Put lamb in shallow pan, cover with this mixture and bake. I bake mine at 325? until 140 degrees as we like ours rare. Take your lamb out about 5 degrees less than you like it and let sit for 5-10 minutes. Will continue cooking after you take out of oven and sitting will let the juices absorb back into the meat and not just run out.
 

Lifter

Washing Up
Joined
Jun 26, 2004
Messages
1,018
KitchenElf, I will cheerfully accept any invitations...breakfast lunch or supper....

(But you should try mustard with any cut of sheep!)

Would be literally HILARIOUS to see the two of us in a kitchen, cooking...a "midget and a Moron"...

Regrettably, I'm a bit "over-sized" for the former description...

Lifter
 

Claire

Master Chef
Joined
Sep 4, 2004
Messages
7,967
Location
Galena, IL
I'm a big believer in fortified wine for the non-drinker, because their shelf life is longer than regular wines, and they are easier to deal with while cooking.
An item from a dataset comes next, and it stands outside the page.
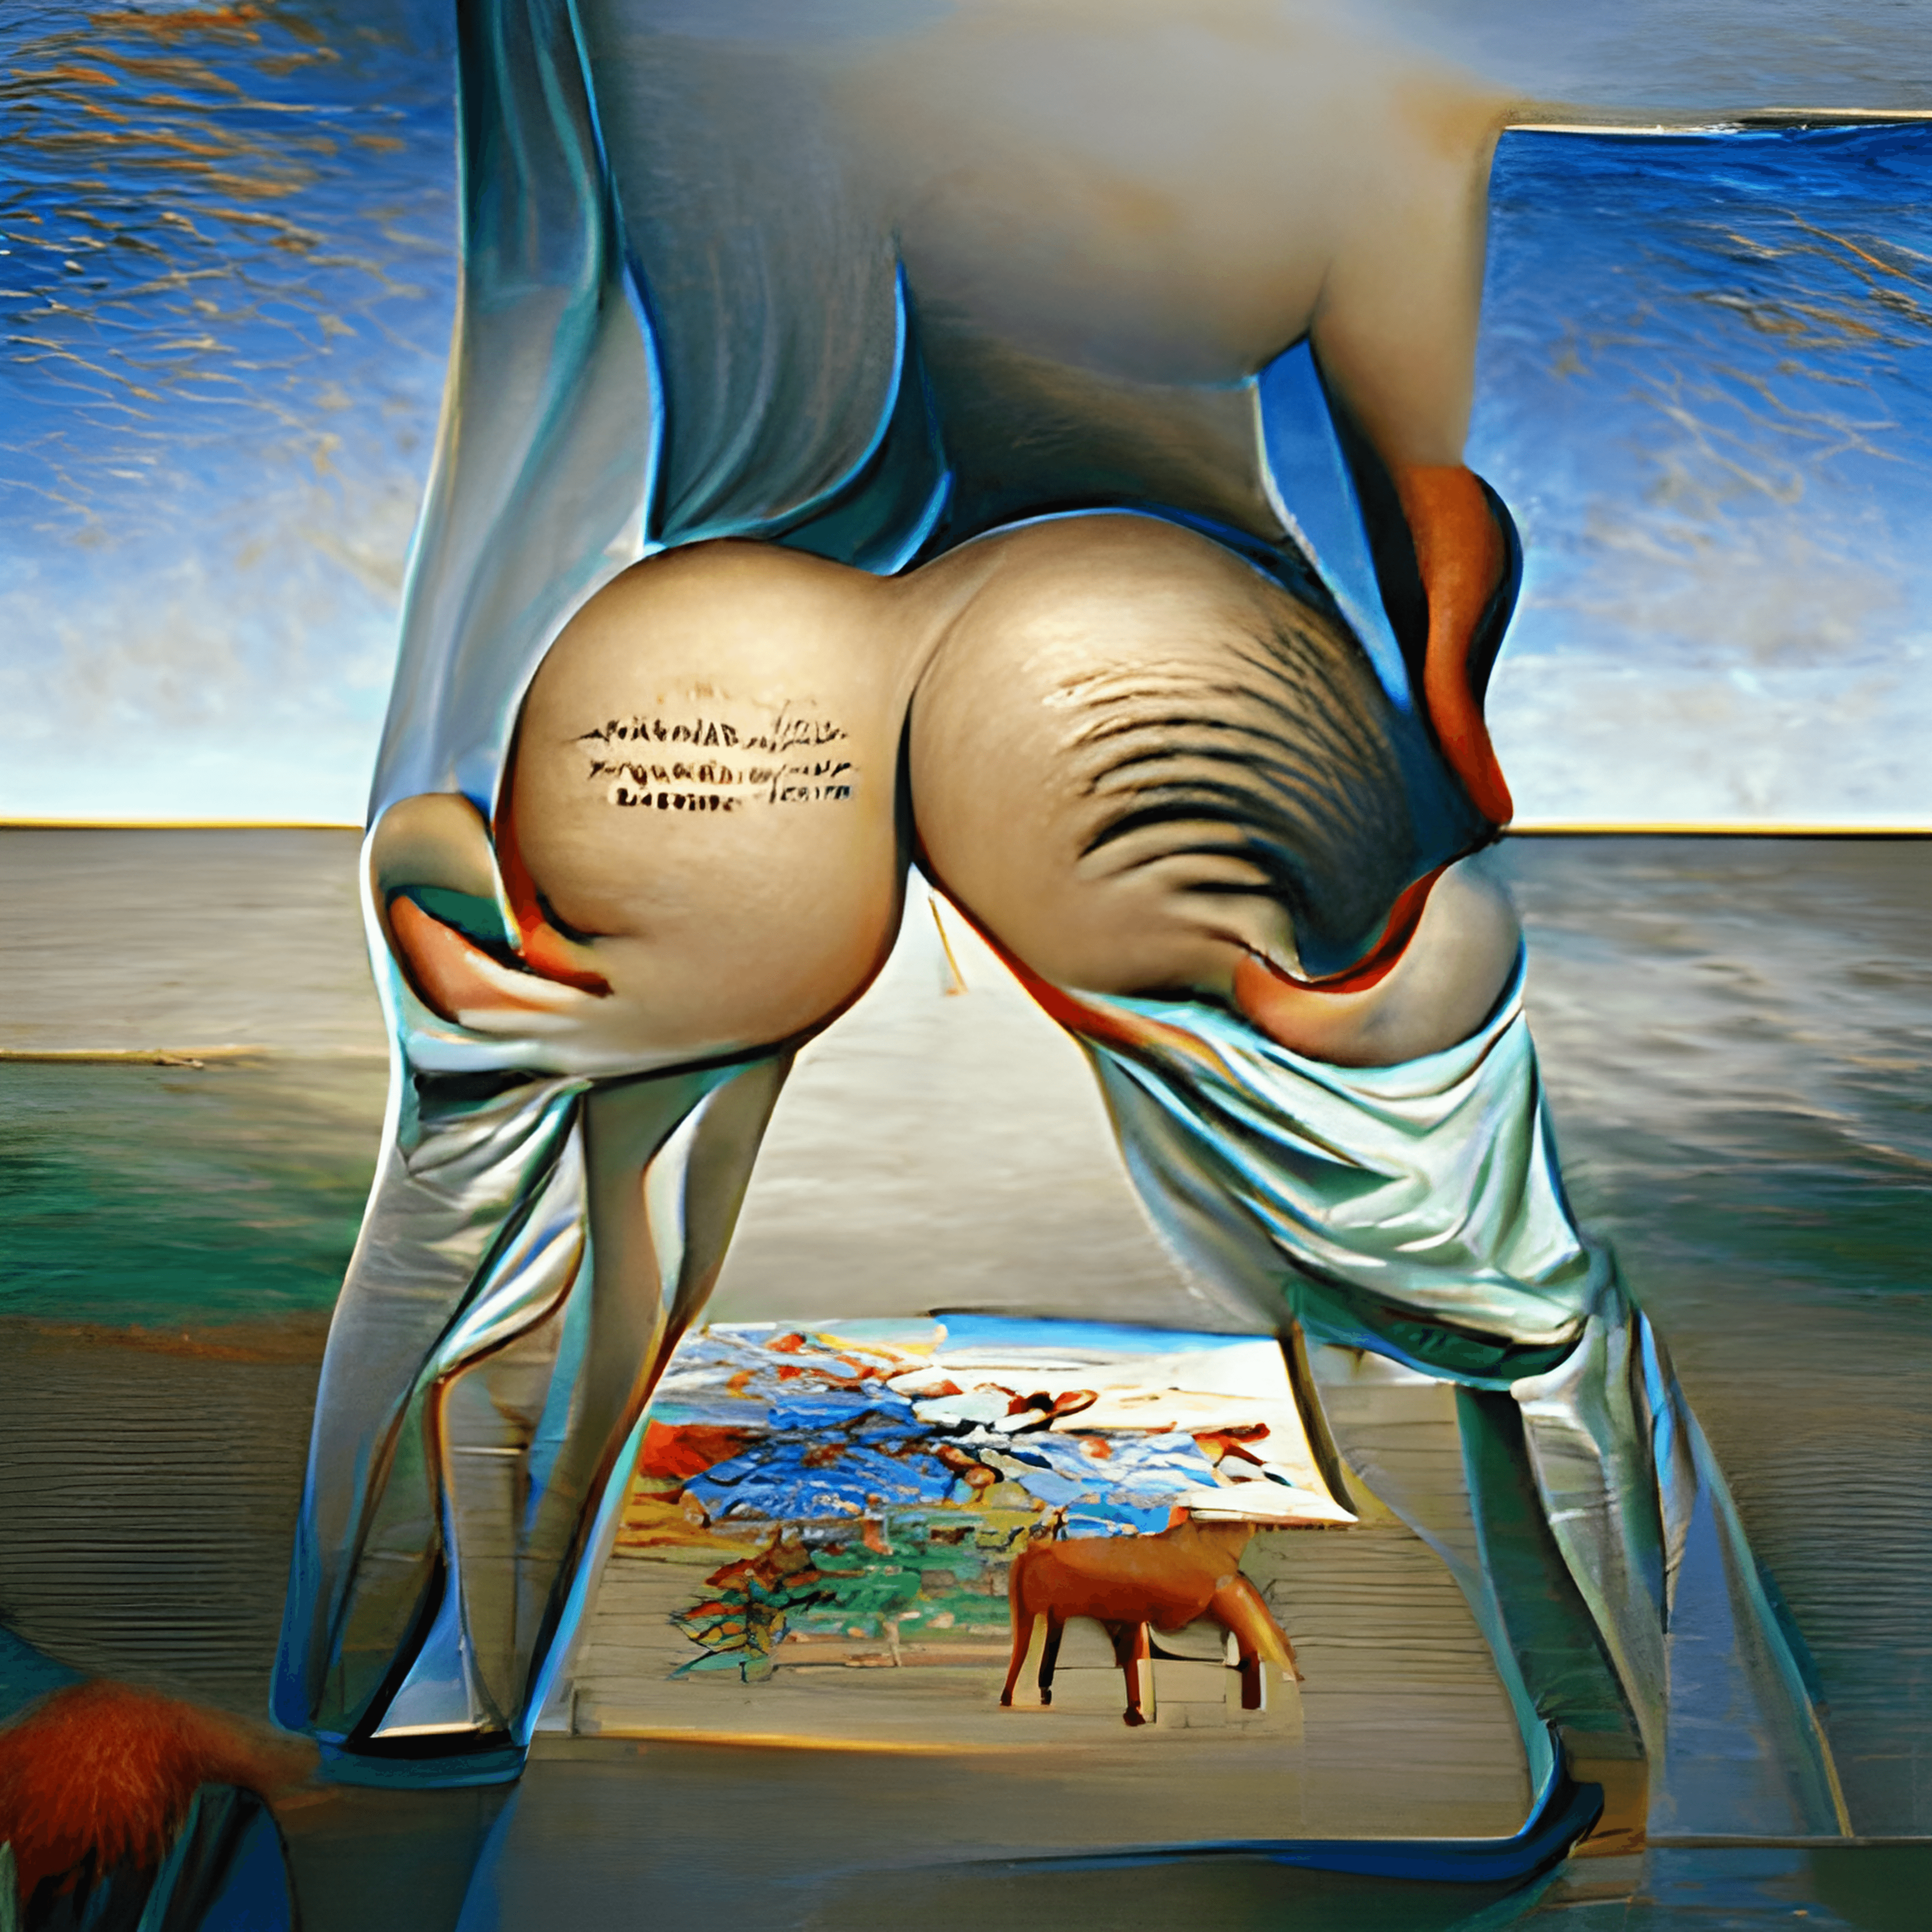 the art with the ass

Vermouth (dry or sweet), madeira, sherry, port. With the lamb I'd probably try a dry sherry. It'll be sweeter than the red wine us drinkers would use, but I'll bet they'd be good together.
 

vilasman1

Senior Cook
Joined
Sep 17, 2004
Messages
152
thanks for the recommendations....
Some one suggested roasting....Would a roaster do? (say no,say no!)
I've been spying a calphalon stainless steel.... it looked like a frying pan but had 2 loop handles and seem to be a steal at $40.

I have almost completed my set of analon pans... and I'm looking for excuses to add to my stainless.... but really I think ?I want a saucier.
 

kitchenelf

Chef Extraordinaire
Joined
Feb 21, 2002
Messages
19,722
Location
North Carolina
Oh but Lifter - this has Dijon in it!!! I love Rosemary with lamb - I had a Dijon/soy coating so I came up with this Rosemary Dijon Pesto - it is excellent!!!! But PLEASE let me be the moron!!! I'm so tired of being the midget!!!! 8)

vilasman1 - sorry, will have to say YES, YES, YES!!!!!! :mrgreen:


Claire - I'm a huge fan of boxed wine for cooking with. They will last about 9 months or more - no air ever gets to them so the flavor doesn't change. Fortified wines have their place but sometimes just a splash of red or white (or 4 cups ;) ) is what a recipe needs. I keep my boxed wine in the cabinet right beside my cooktop.